The Leader
Opinion

Conservative Corner: The shady history behind the Clinton Foundation

CONNOR HOFFMAN

News Editor

 

The Clinton Foundation has been in the national headlines lately, and for good reason: this foundation reeks of corruption. The Foundation may have recently just announced that it would not accept foreign donations if Hillary Clinton is elected president, according to CNN, but it’s very doubtful the Foundation will seriously do that. Even if it does, the real damage may have already been done.

In 1997, the Clinton Foundation was formed to fundraise money for the construction of the Clinton Presidential Library in Little Rock, Arkansas. Then, starting in the early 2000s, the Clinton Foundation started doing charity work to stop the spread of HIV in Africa, according to the Washington Post. Although the Foundation does do some great charity work, don’t be fooled. This foundation is among the biggest pay-for-play scams in American politics right now.

This foundation has raised $2 billion since 2001, and along the way it has definitely made some shady and corrupt deals. According to The Federalist, the Clinton State Department in 2011 approved a total of $165 billion commercial arms sales to 20 countries that donated to the Clinton Foundation that year. In fact, Saudi Arabia donated at least $10 million to the Foundation in 2011, and the State Department cleared them for a $29 billion arms sale.

Clinton violated an ethics agreement she made with the Obama administration in 2008 that said she wouldn’t accept new foreign donors during her time as secretary of state.The most noticeable case was when the Foundation accepted a $500,000 donation from the Algerian government in 2010.

           Clinton continued these kinds of deals throughout her time as secretary of state. Perhaps the most worrisome and corrupt deal was made in 2013, when Secretary Clinton agreed to the sale of 20 percent of our uranium supply to Uranium One, a uranium company owned by Russia. The Russian energy company Rosatom had taken over control of the majority of Uranium One, a company centered in Canada. According to The New York Times, Uranium One made four donations totaling $2.35 million right before Clinton decided to approve the uranium deal to them.

Also, recent emails have been released from the Clinton Foundation, and they show us that Clinton sold out access to herself.

While Clinton was secretary of state, at least 85 of the 154 people from private interests who she met with or had phone conversations with were donors to the Foundation. These 85 donors contributed as much as $156 million to the Foundation.

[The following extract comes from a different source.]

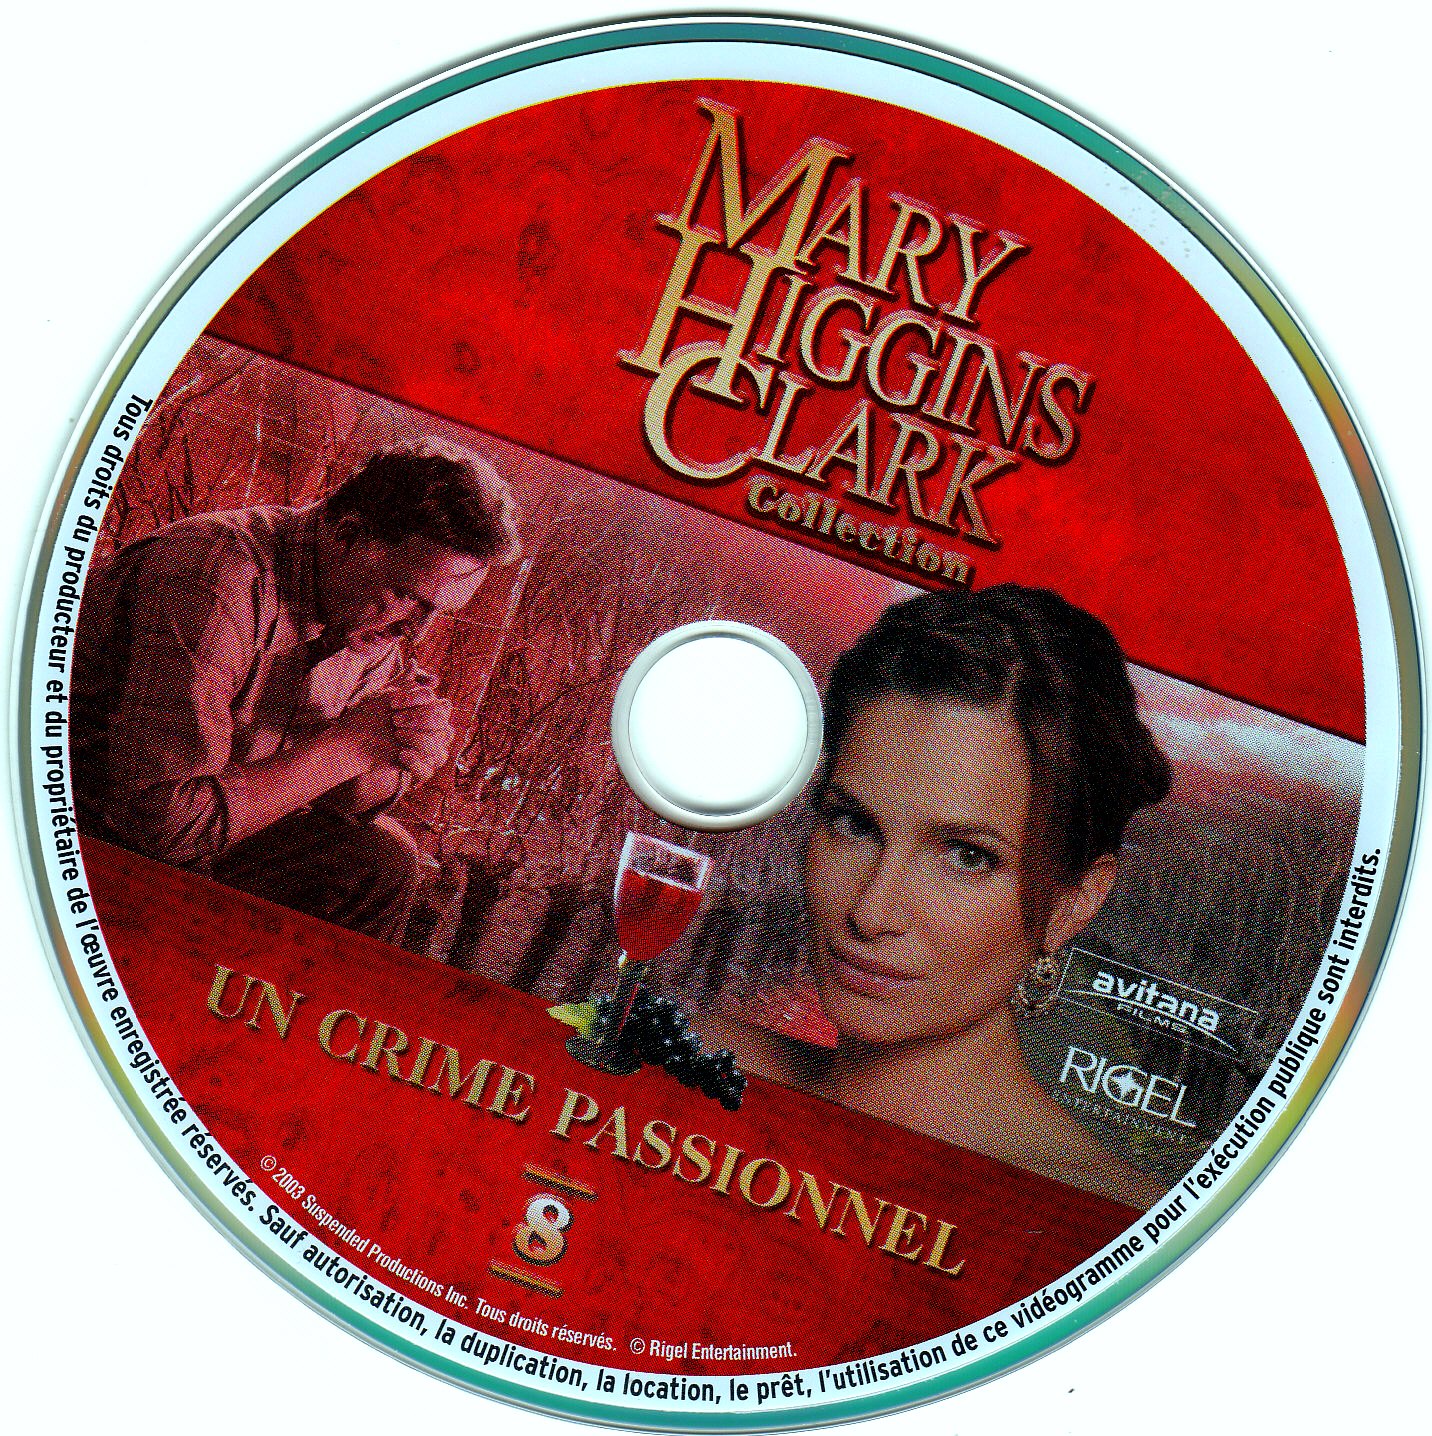 Mary Higgins Clark vol 08 - Un crime passionnel

Recent emails released by Judicial Watch show us that Clinton may have even traded favors for foundation donors. According to The New York Times, in one email the Foundation asked Clinton’s adviser, Huma Abedin, to try and find a job in the state department for a foundation associate.

Another thing to consider is that even if Clinton does close off the Foundation to foreign donors, they could still funnel money through other channels. Several experts believe it would be very easy for foreign donors to figure out how to channel money to the Clinton Foundation through domestic companies, such as Karen Hobart Flynn, the president of the nonpartisan watchdog group Common Cause. According to her, one way would be for these foreign donors to set up a limited liability corporation.

“You could have some kind of LLC or other partnership where it isn’t even clear who the donors are,” said Flynn in an interview with The Hill.

Clinton was not able to keep the promises she made to the Obama administration, so don’t let her fool us all again. We cannot have a president who is owned by all kinds of shady foreign interests. We should force them to either shut the Foundation down or hand over control completely to someone else.